(Cross-posted on DevZone.ChannelAdam.com)
The other day I tracked down an issue my team was seeing with an Azure App Service Logic App. The Logic App was being triggered by an Azure Service Bus Connector that was configured to work with a Service Bus Topic. With a message published to the Service Bus Topic, an instance of the Logic App would execute successfully — as expected on the trigger's configured schedule. But then, unexpectedly, on the next scheduled time period, often a new instance of the Logic App would execute and reprocess the exact same message from the Service Bus Topic. It was as if the Service Bus Topic message was never successfully "completed" and thus removed from the Topic.
In order to understand why the same Service Bus Topic message was being processed twice, this is what you need to know.

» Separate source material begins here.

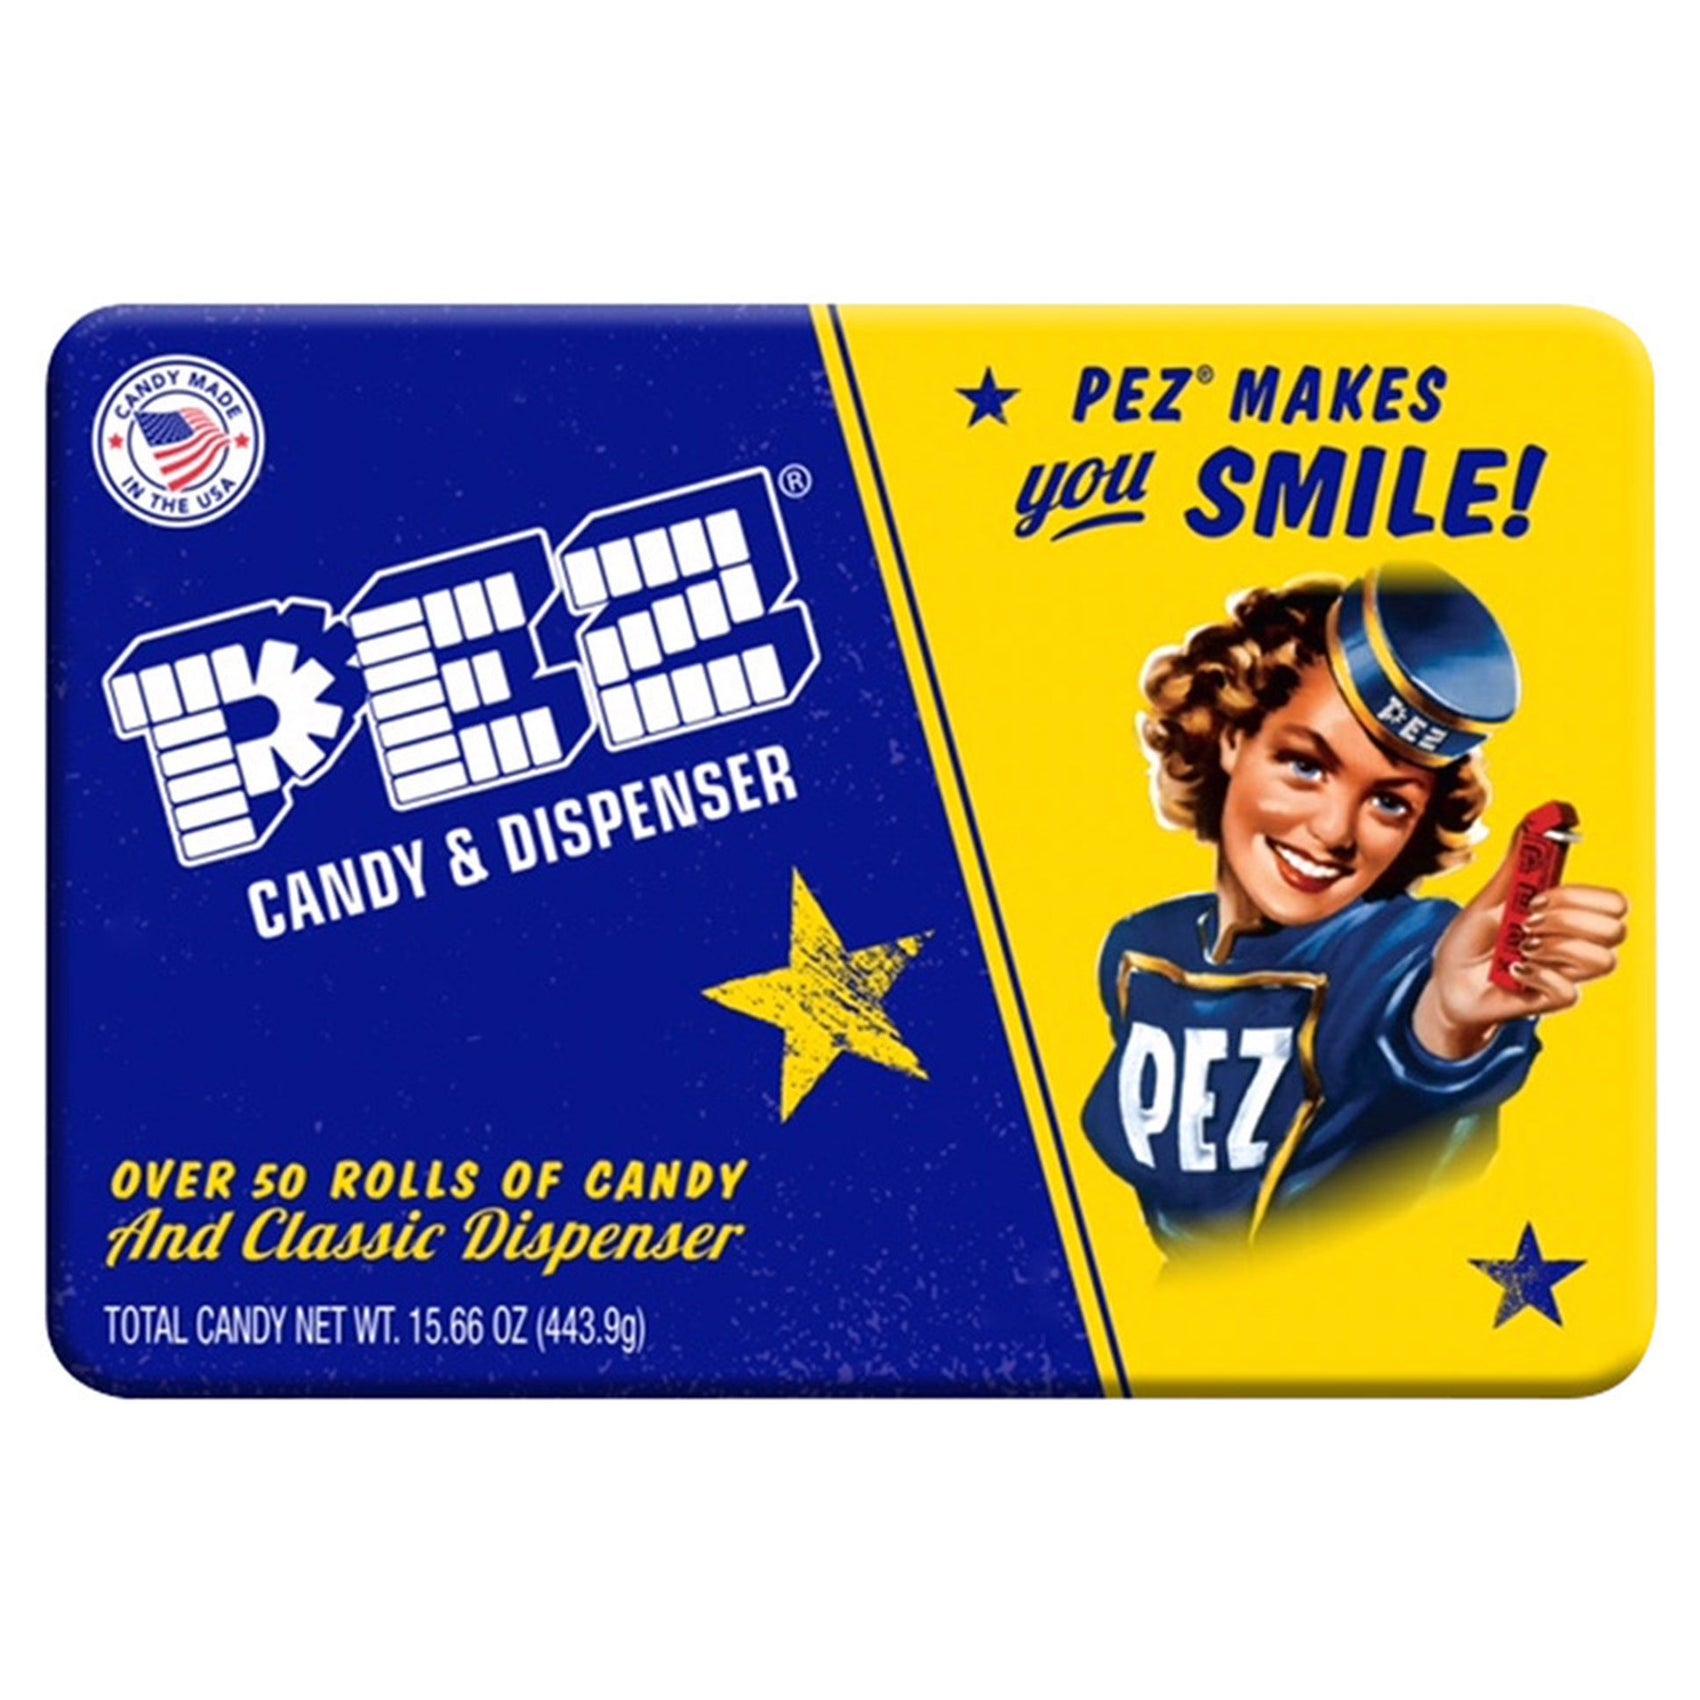 Pez candy - dispensing pop culture - Candy Funhouse
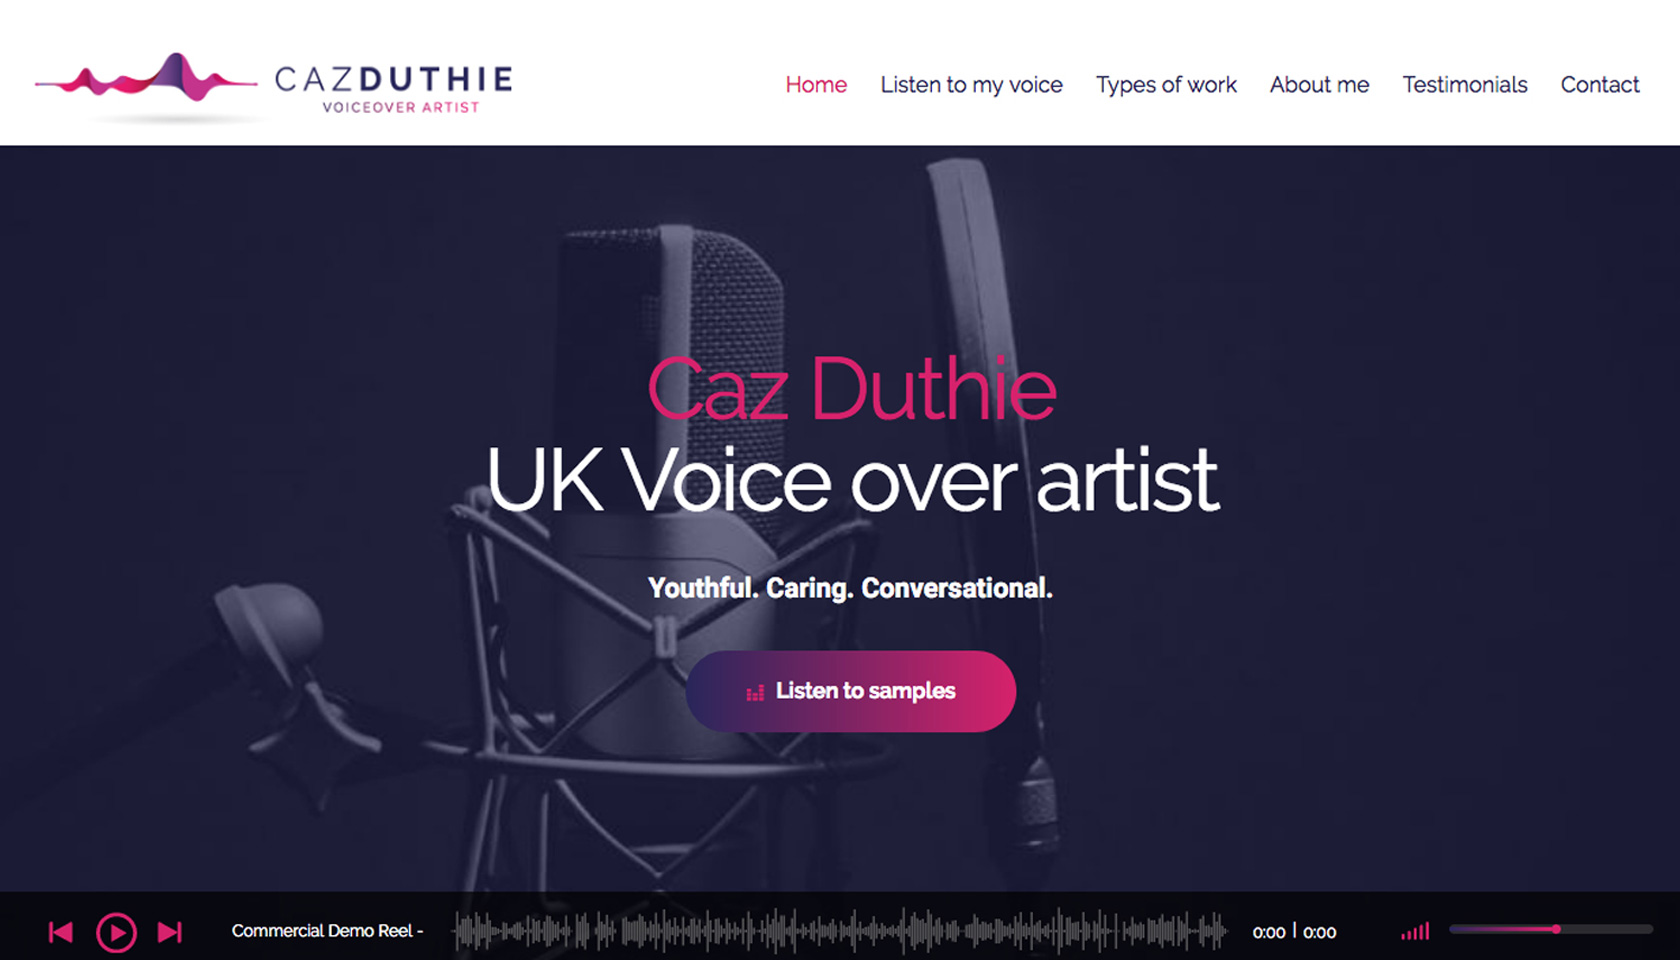 Caz Duthie Branding and Wordpress website - Hijack Creative Agency Southampton

Now that we understand how the Complete method is called as part of the Service Bus Connector's trigger mechanism, it is easy to understand the cause of the problem.
If the second call to the trigger fails (the call that would complete the message), for instance, because of a transient error on the gateway, then the Service Bus message will not be completed — until perhaps the next scheduled trigger.
However, after the default lock duration of 1 minute expires, the lock is lost and Service Bus makes the message available to be received again.
This is exactly what happened — the message was not completed and when the next scheduled trigger executes, the same message is processed again.
From the Trigger History of the Logic App, we can see the trigger that failed in the image below.
The call to this trigger returned a 502 "Bad Gateway" error.
502 - Web server received an invalid response while acting as a gateway or proxy server.
The full JSON of the output message for the failed trigger is:
{
"headers": {
"date": "Mon, 07 Sep 2015 23:28:32 GMT",
"server": "Microsoft-IIS/8.0"
},
"body": "<!DOCTYPE html PUBLIC \"-//W3C//DTD XHTML 1.0 Strict//EN\" \"http://www.w3.org/TR/xhtml1/DTD/xhtml1-strict.dtd\">\r\n<html xmlns=\"http://www.w3.org/1999/xhtml\">\r\n<head>\r\n<meta http-equiv=\"Content-Type\" content=\"text/html; charset=iso-8859-1\"/>\r\n<title>502 - Web server received an invalid response while acting as a gateway or proxy server.</title>\r\n<style type=\"text/css\">\r\n<!--\r\nbody{margin:0;font-size:.7em;font-family:Verdana, Arial, Helvetica, sans-serif;background:#EEEEEE;}\r\nfieldset{padding:0 15px 10px 15px;} \r\nh1{font-size:2.4em;margin:0;color:#FFF;}\r\nh2{font-size:1.7em;margin:0;color:#CC0000;} \r\nh3{font-size:1.2em;margin:10px 0 0 0;color:#000000;} \r\n#header{width:96%;margin:0 0 0 0;padding:6px 2% 6px 2%;font-family:\"trebuchet MS\", Verdana, sans-serif;color:#FFF;\r\nbackground-color:#555555;}\r\n#content{margin:0 0 0 2%;position:relative;}\r\n.content-container{background:#FFF;width:96%;margin-top:8px;padding:10px;position:relative;}\r\n-->\r\n</style>\r\n</head>\r\n<body>\r\n<div id=\"header\"><h1>Server Error</h1></div>\r\n<div id=\"content\">\r\n <div class=\"content-container\"><fieldset>\r\n <h2>502 - Web server received an invalid response while acting as a gateway or proxy server.</h2>\r\n <h3>There is a problem with the page you are looking for, and it cannot be displayed. When the Web server (while acting as a gateway or proxy) contacted the upstream content server, it received an invalid response from the content server.</h3>\r\n </fieldset></div>\r\n</div>\r\n</body>\r\n</html>\r\n"
}
This situation should not happen often, but unfortunately, it was occurring multiple times per day, and only ever on the second call to the trigger method. The only real solution is to follow Microsoft's advice and design your systems to be idempotent, because it can and occasionally will happen.
In addition to that, to reduce the frequency of the situation, hopefully Microsoft will release a change in the near future so that failed calls to the trigger method are automatically retried.